I'm not overly envious - if I get my web thing going, it might bring me 250k per month, but there are a lot of faceless local government people and "Freedom of Information" is still lacking there - try to find out the numbers of staff, reporting structures, and so on, in most UK councils and I suspect you'd be on a hiding to nothing...

By comparison, Chicago and Toronto, several years ago, had very detailed information with head+shoulders photos, potted CVs, phone and e-mail, and giving plenty of detail about how their councils are organised.

Here, it seems from the council sites I've checked so far, that the apparent drive is to tell you only who your councillor is, and assume communication with the council is going to be channelled via them, poor s*ds.
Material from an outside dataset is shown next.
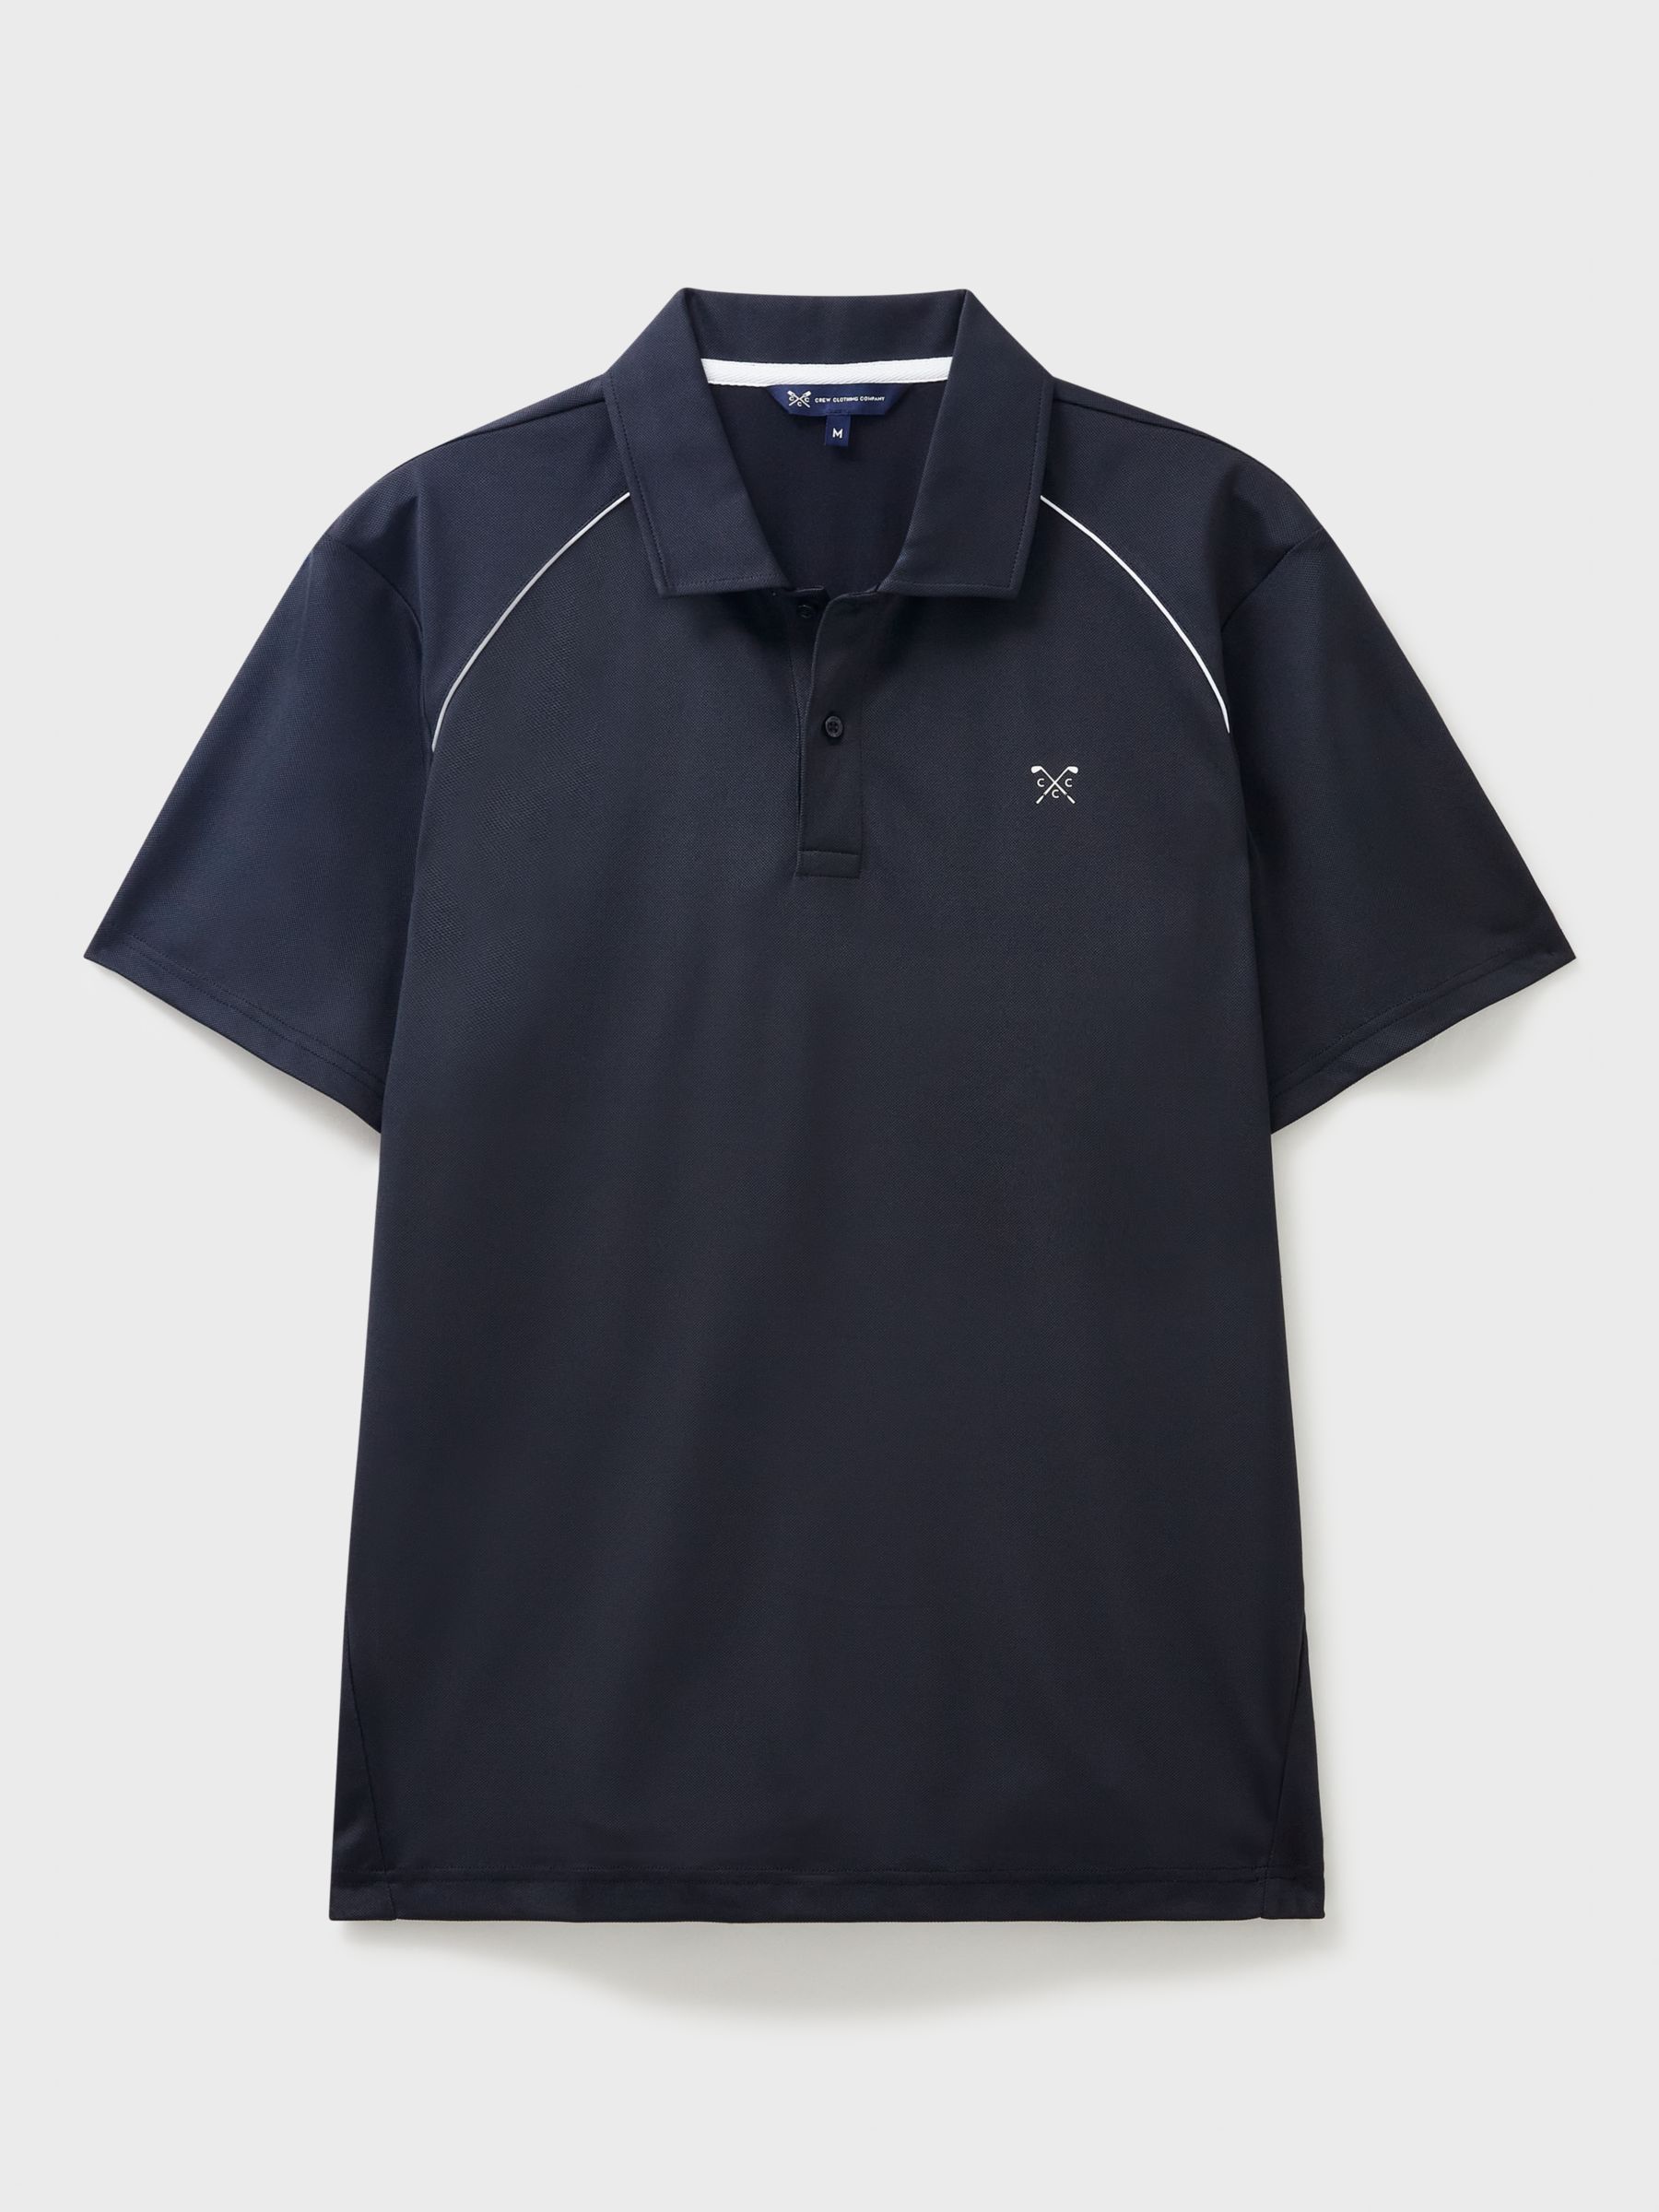 Crew Clothing Stretch Pique Golf Polo Top, Black, XS

If you find meetings or agendas, there will be a list of attendees, but often (always in those I've seen) the job titles are not alongside - minutes may say who said what, by job title, so you (unless you are at the meeting, or one of the staff) hardly ever know who was actually saying things, just job title or name (without title)... it's definitely opaque, and I think they're going to be needing legislation to get them to put it right. Similarly, try checking past council tax bands, and you might find (as I did) that they only keep the latest info online, the rest is 'overwritten' (damn silly if you ask me!)

Xenia · 29/03/2010 20:54

I would imagine for accounting purposes they have to keep old council tax bands in-house but can hide names and personal details of council staff legally.

I heard that R4 piece. In a recession you don't need to hire people on such long notice period packages to get good people but those who hire have a vested interest in keeping salaries up.